In classical (I like calling them legacy, but let's not be too provocative) object-oriented languages such as Java, one would often associate the notion of metaprogramming with terms like reflection, dynamic introspection, annotations and all this kind of scary stuff.

The truth is, object-oriented languages have such a level of complexity in the logic behind their class/object model, that using metaprogramming is either very inconvenient, or just very slow.

For instance, according to official Java docs on reflection, because reflection involves types that are dynamically resolved, certain Java virtual machine optimizations can not be performed. Consequently, reflective operations have slower performance than their non-reflective counterparts, and should be avoided in sections of code which are called frequently in performance-sensitive applications. In fact, instantiating objects via reflection can be about ten times slower than using the standard instantiation.

Ruby, to give another example, is a language that's very pure in its insistence on everything being an object, and very permissive when it comes to what these objects can do, or what they can be like. You're saying you've just created an a object that's an instance of class A? Fine, but then someone may assign something else to A (the identifier A is a constant, but in Ruby it's not really a constant, so feel free to reassign it with whatever you want), and a.class == A is no longer true...

At any given time you can define a new method on a class of objects (and you can give it a dynamically assigned name), but you can also define a singleton method on an object, and if you consider that a class is an object... Well, that's why no-one has ever seen a code autocomplete mechanism for Ruby that actually works, because when you see a carrot you can never be sure if it's in fact not a banana now.

Elixir doesn't have this bloat, because it doesn't have objects. It relies on very simply-structured data: tuples, lists and maps, and has no tight coupling between data structures and associated actions. So when you think of how to go about metaprogramming in Elixir, you won't be reasoning about it as a set of dirty hacks, but rather as a way to write code that is conveniently transformed into another code, and then compiled.

It is often said that metaprogramming is writing code that generates code - surprisingly ofen you hear it in the context of languages where it is actually a backdoor to fix what's broken in an existing codebase or in the language itself. In Elixir, this statement is entirely true.

AST: Tree representation of code

To understand how you can actually write code that generates code, you need to familiarize yourself with how code is internally represented.

Just as a binary is the internal representation of a string, an Abstract Syntax Tree (AST) is the internal representation of code in Elixir.

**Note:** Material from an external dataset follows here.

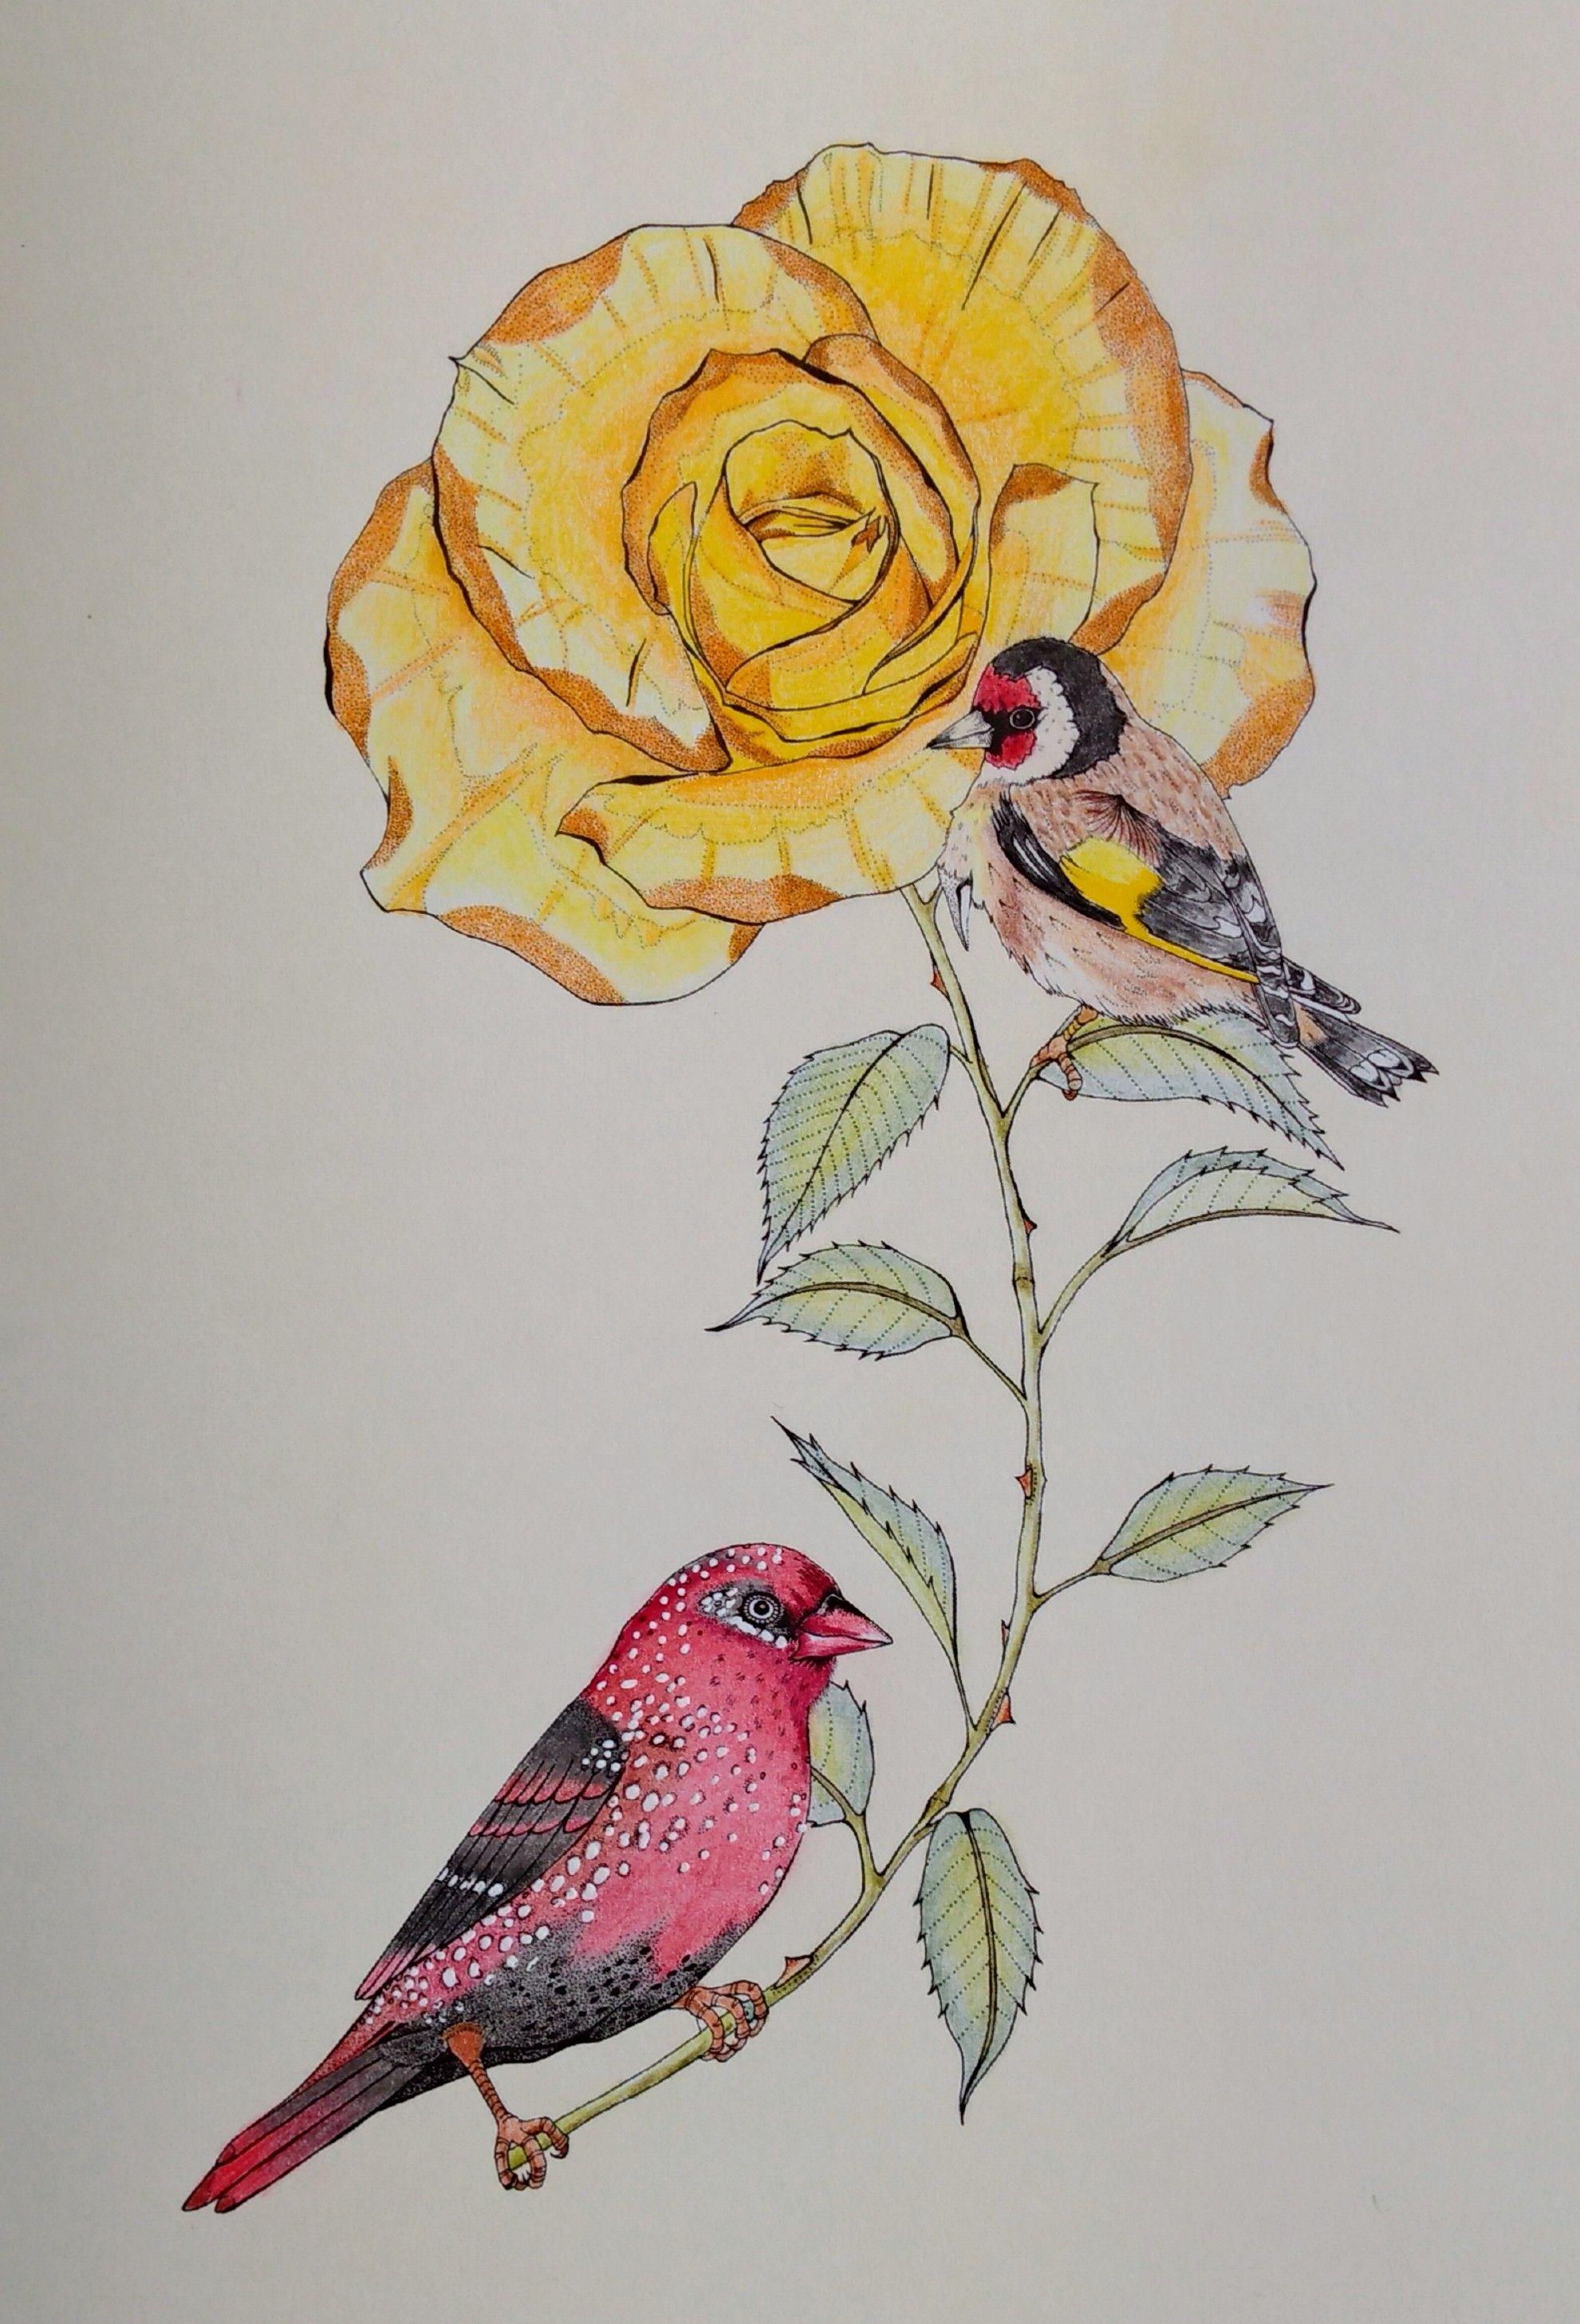 Uit Het Boek Vogel Paradijs Van Daisy Fletcher From The Book Birdtopia From Daisy Fletcher Gekleurd Door Adri Colored By Adri Coloring Books Color Art

The great news is that in Elixir we're always very close to the internal representation of code. While it is not a truly homoiconic language unlike Lisp and its derivatives, in which you write code almost as if you were directly writing an AST, you can still conveniently translate any Elixir code to an AST using the quote/2 macro.

quote do
  2 + 3 * 4
end

# Result with additional indentation for clarity:
{
  :+,
  [context: Elixir, import: Kernel],
  [
    2,
    {
      :*,
      [context: Elixir, import: Kernel],
      [
        3,
        4
      ]
    }
  ]
}

The example result has exaggerated indentation so that it's clearly seen that this is indeed a tree. When you think of mathematical expressions as functions, a + function has two arguments, and a * function just likewise; and when these two are used in an expression, * takes priority - so the arguments of + are 2 and the result of 3 * 4.

So, in the AST, the "inner" expressions that need to be calculated earliest are always the ones most deeply nested, and when you go up the nesting tree, you finally get to the root that ties them all together, in this case the + function.

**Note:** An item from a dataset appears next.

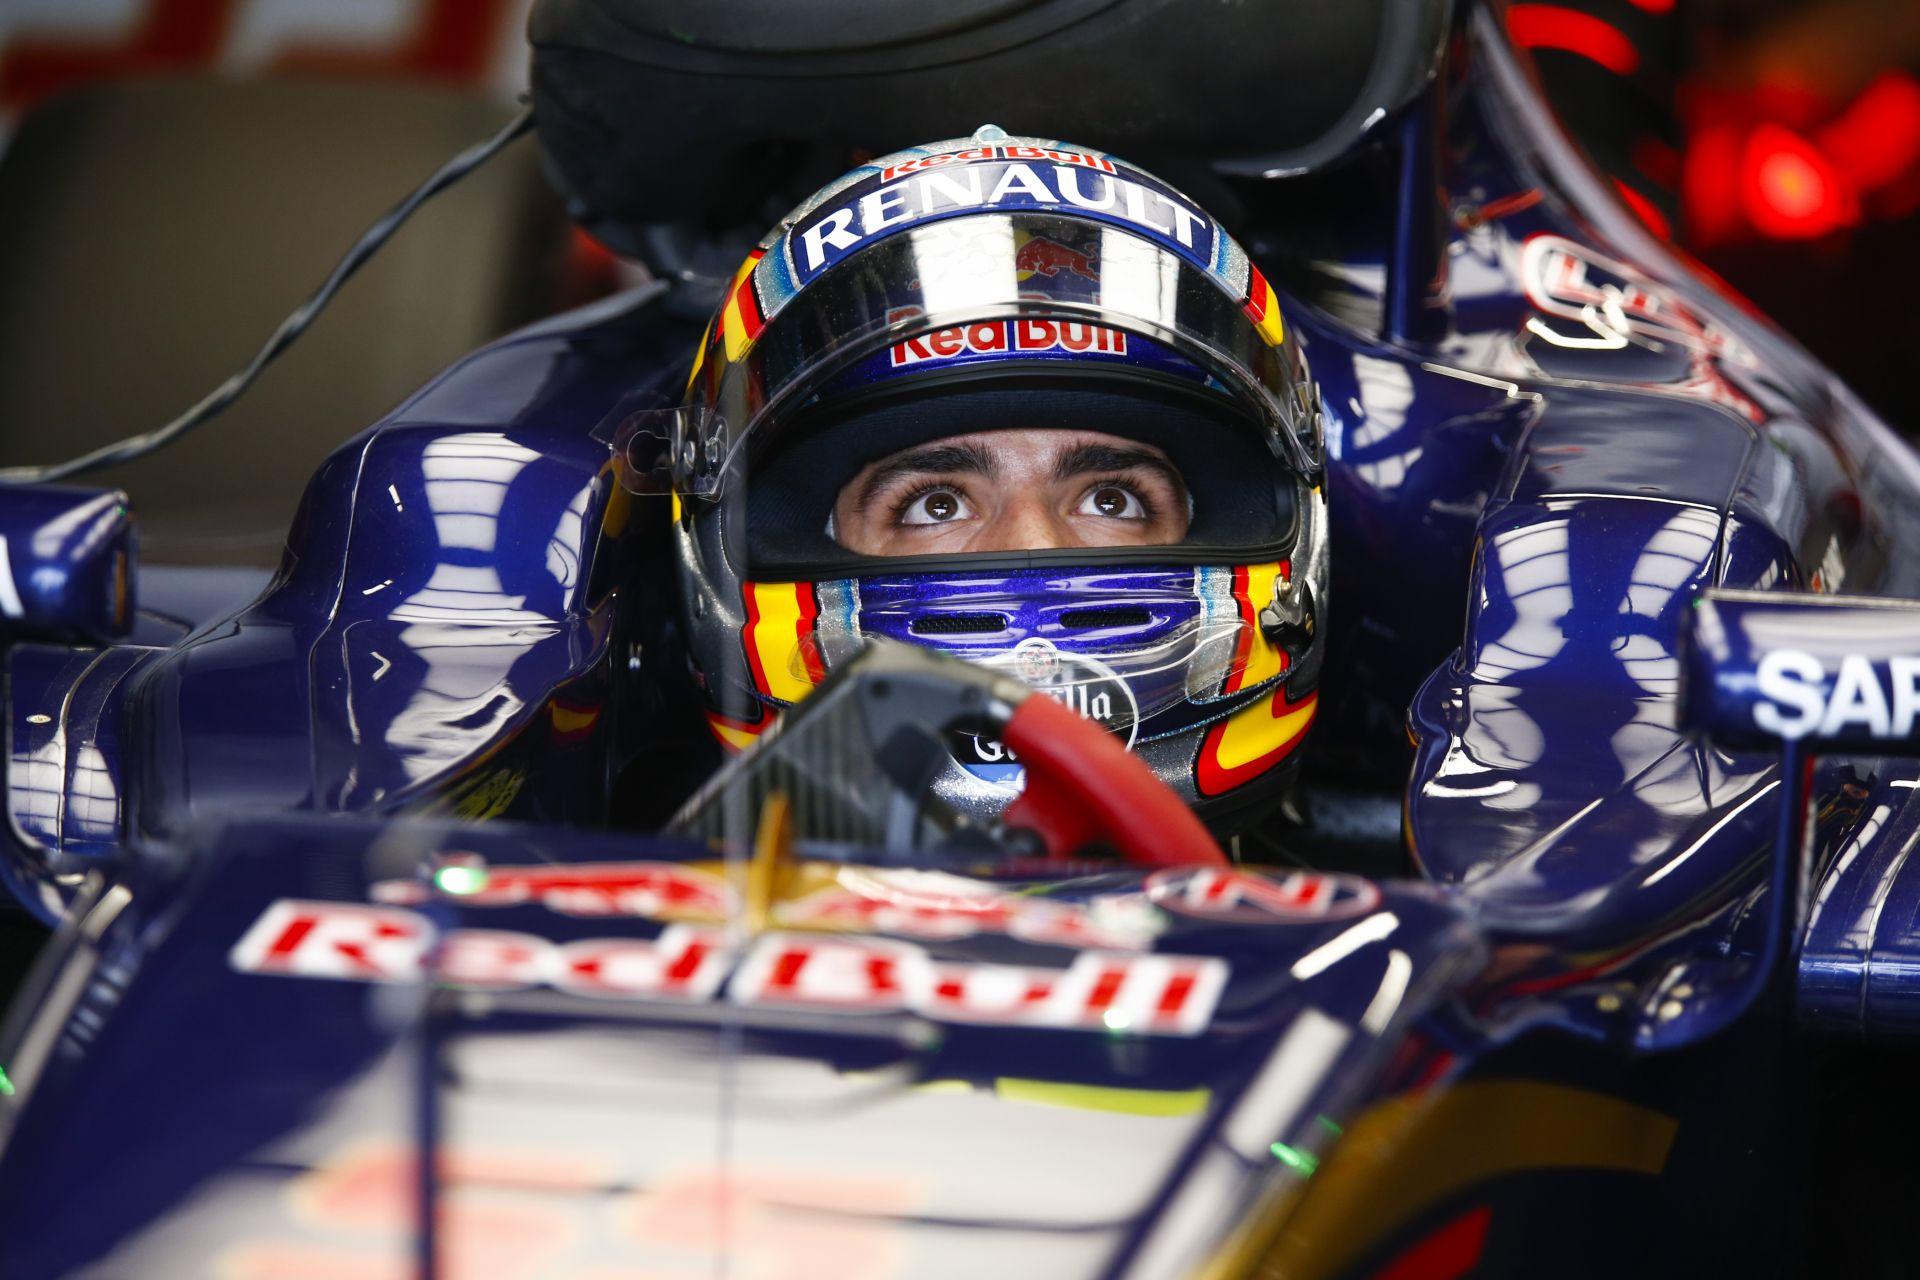 Vajon a Forma-1-es autóban ülve mi jár Carlos Sainz fejében?

To make our considerations simple, let's notice that each AST node is a tuple that consists of:

  1. The name of executed function.
  2. A keyword list denoting execution context. Most of the time you won't manipulate it, and unless you want to inject additional context or build an AST by hand rather than using quote/2, you don't have to care for how it works.
  3. The list of arguments that the executed function takes. These can be literals or AST nodes.

The representation of an AST node is slightly different if it's a variable reference, like x.

quote do
  x
end

# Results in a tuple of: variable name, metadata (usually not to be cared about) and the context:
{:x, [], Elixir}

To cap this up, it's possible to do quite the reverse operation to quote/2 and evaluate an AST as code.

ast = quote do
  2 + 3 * 4
end

Code.eval_quoted(ast)
=> {14, []}

It returns a tuple in which the first element is the result of the AST root, and the second one is a list of bindings - for simplicity, let's imagine that if the quoted syntax had a reassignment to an x variable, we would've seen [x: new_x_value] there.

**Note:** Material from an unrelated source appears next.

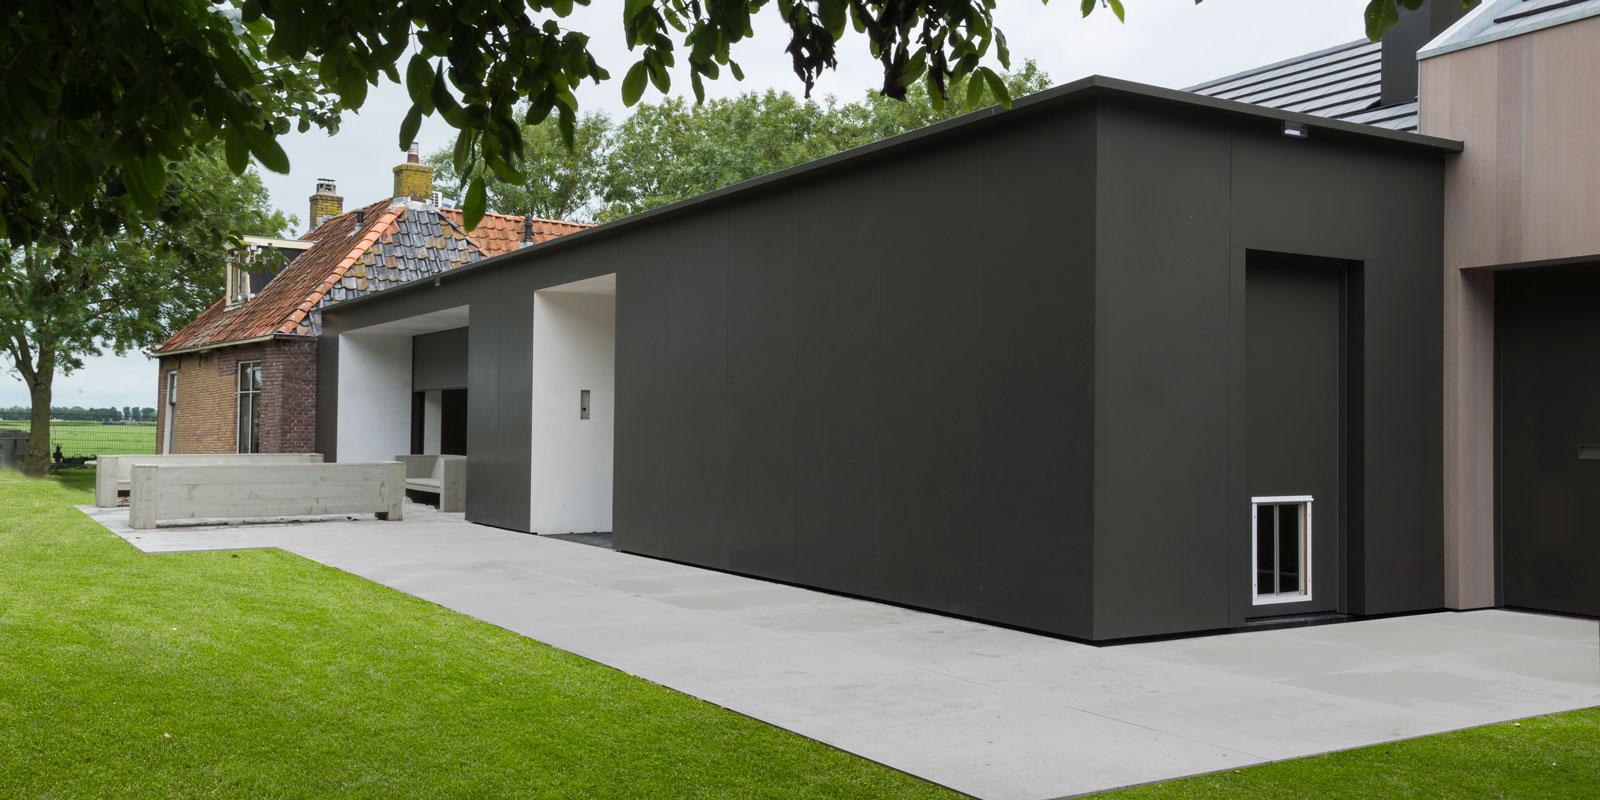 Moderne uitbouw | Lautenbag Architectuur

Read Chris McCord's awesome "Metaprogramming in Elixir" book to get to know the ins and outs of ASTs and macros, and subscribe to our blog to learn more in the future!

Macros as functions manipulating ASTs

Elixir is similar to Lisp-like languages in that it also has a powerful macro mechanism to manipulate ASTs.

So what is a macro, then? As stated before...

A macro is a function that returns a different AST based on passed arguments, often including an AST.

That's it. You call a macro on a specific bit of code, which is automatically represented as an AST, and during compilation it gets transformed to a different AST, which is nothing more than code that will then get compiled.

Roughly speaking, Elixir compiler first does an initial parsing of your source code into an AST, and then does another run-through in which macros are expanded.

Expanding macros is nothing more than running macros on initially generated ASTs to transform them into different ASTs.

Consider a mathematical expression. Again, here's how it looks like as an AST:

quote do
  x + 4 - 6 + 10
end

{:+, [context: Elixir, import: Kernel],
 [
   {:-, [context: Elixir, import: Kernel],
    [{:+, [context: Elixir, import: Kernel], [{:x, [], Elixir}, 4]}, 6]},
   10
 ]}

Usually the first example given in macro learning tutorials is a rewrite of the unless/2 macro, which is great because it is a useful one - but let's first start with an attempt to manipulate the AST manually.

Something that may come in handy is a macro that reduces boilerplate code in tests by simplifying certain commonly found patterns.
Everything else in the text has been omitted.